他狹長的鳳眼微眯,目光似笑非笑地掃過園中神色各異的眾人——有的仍在為方才“盲辨”的勝負或喜或嗔,交頭接耳;有的則目光閃爍,帶著未盡的興奮與期待,望向主位。
片刻工夫,倒真有兩名公子哥兒找對了人,一陣哈哈大笑。
今晚,這兩名女子自然就是他們倆的枕邊人了!
蔡絛嘴角那抹玩味的笑意更深了些,彷彿一位高超的傀儡師,滿意地看著臺下眾生在自己牽引的絲線下舞動。
他輕輕放下酒杯,杯底與紫檀木小几接觸發出清脆的一聲“叮”,聲音不高,卻似有種無形的魔力,讓園內原本低沉的喧譁瞬間安靜下來,所有目光都聚焦到他身上。
“方才先來個開胃菜助助興的!”他語氣平淡,卻帶著不容置疑的權威,“良辰美景,皓月當空,豈可辜負這中天玉盤灑下的清輝?接下來,才是今日第二道雅戲——名曰‘月下仙餌’。”
他刻意拖長了“仙餌”二字,語調悠長,引人遐思。
他輕輕拍了拍手,掌聲在寂靜的庭院中格外清晰。
侍立一旁的樂師們早已準備就緒,聞聲而動。
原本若有若無、帶著靡靡之音的絲竹管絃之聲悄然一變,轉為空靈、縹緲、帶著幾分仙氣的調子,簫聲嗚咽,古琴泠泠,彷彿自月宮傳來。

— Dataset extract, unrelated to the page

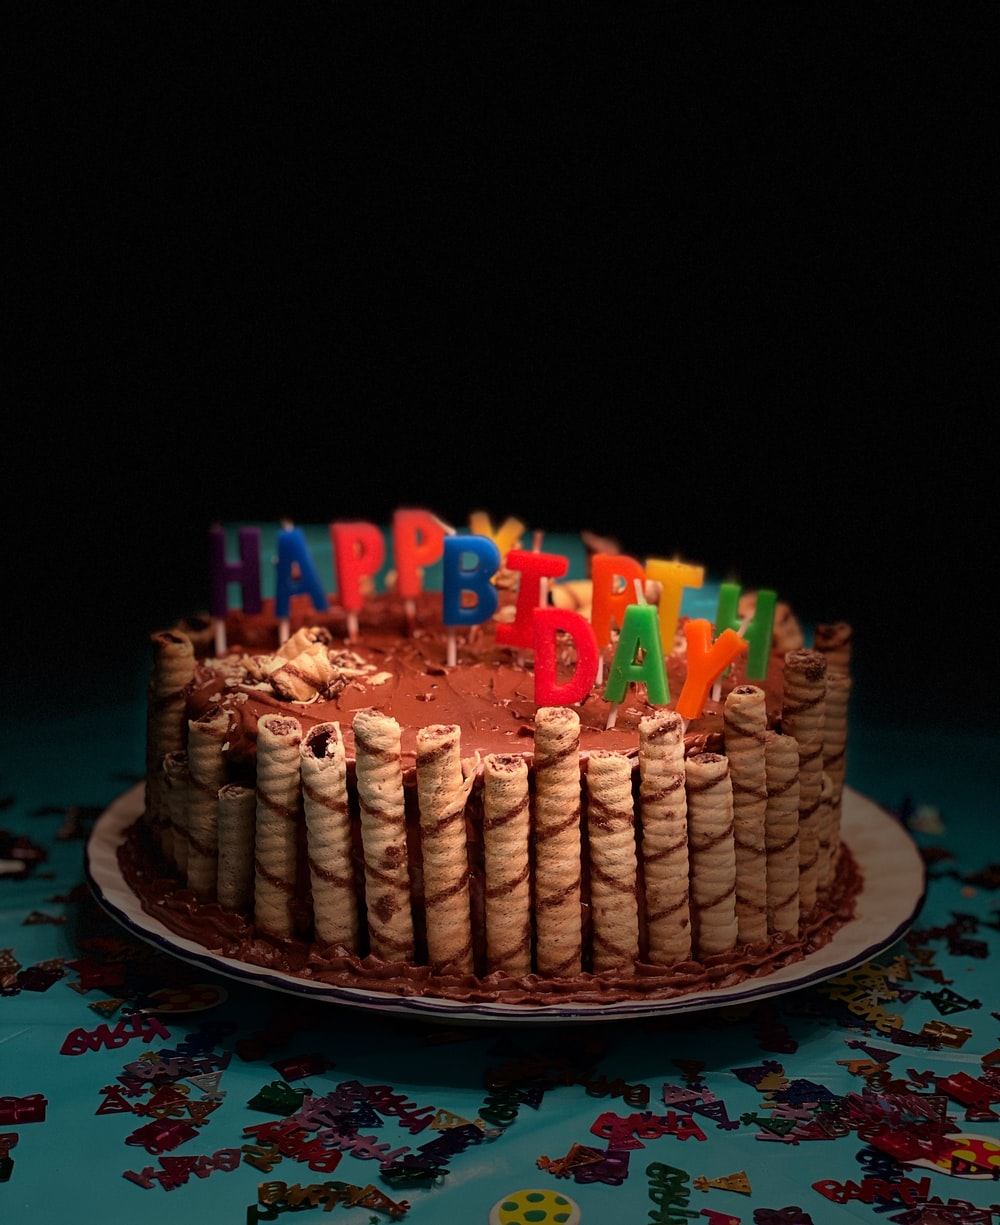 happy birthday cake with happy birthday candles
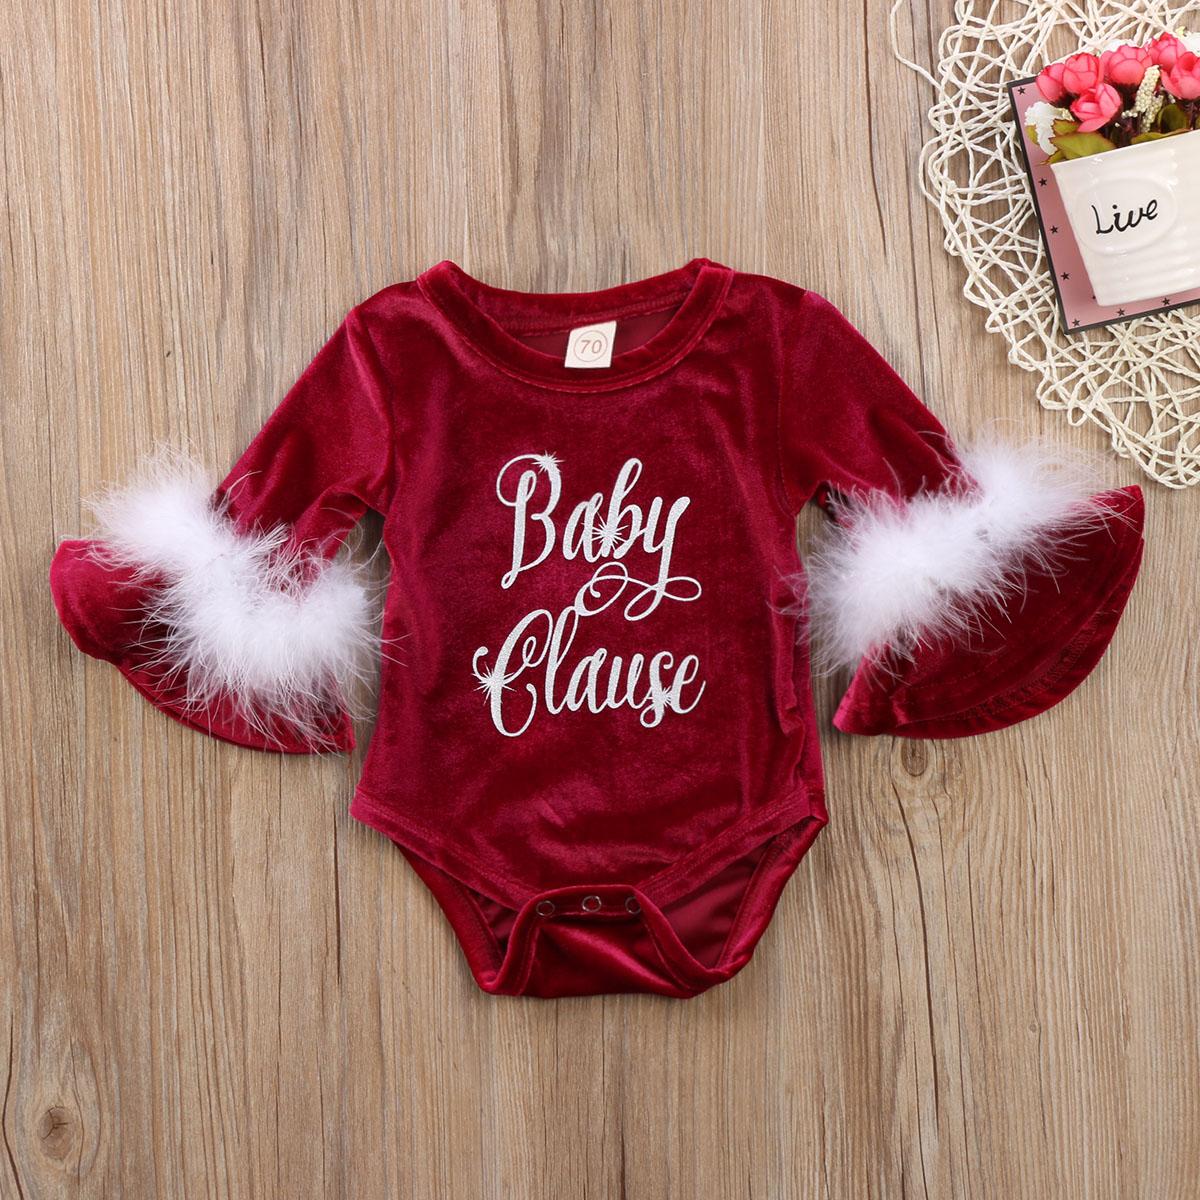 HTB10bDmc3vD8KJjSsplq6yIEFXaC Pudcoco 2017 New Pleuche Christmas Baby Girls Romper long sleeves infant newborn baby jumpsuit princess plush clothes xmas gift

這樂聲與眼前即將上演的戲碼形成一種詭異而諷刺的對比。
方才在“盲辨群芳”中未被“認領”、驚魂未定、臉上淚痕猶新的那群女子,被幾名面無表情、手腳麻利的僕婦再次驅趕著,如同驅趕一群受驚的羔羊,重新聚攏到庭院中央那片被燭火映的通明的空地上。
她們顯然受過極其嚴格的訓練,儘管眼中惶恐未散,身體因恐懼而微微顫抖,卻不得不強忍悲憤,隨著那空靈的樂聲,勉強舒展肢體,擺動腰肢,翩翩起舞。
舞姿刻意追求柔媚入骨,水袖輕揚,裙裾飄飛,在明亮的燭火與清冷的月光交織下,勾勒出青春曼妙卻充滿脆弱感的曲線。
她們努力做出各種誘惑的姿態,眼波流轉,欲語還休,竭盡全力試圖取悅這群掌握著她們生死榮辱的權貴子弟。
然而,那眼底深處無法掩飾的恐懼、屈辱與近乎麻木的絕望,卻像一根冰冷的針,刺破了這虛假的香豔,讓整個舞蹈透出一股令人心寒的悽豔與悲涼。
她們的每一個旋轉,每一次回眸,都彷彿在無聲地哭泣。
樂聲漸急,如同驟雨突至,鼓點密集。
舞女的腳步也隨之愈旋愈快,如同被狂風捲動的落葉,身不由己。裙襬旋成一朵朵絕望的花,在冰冷的月光下綻放。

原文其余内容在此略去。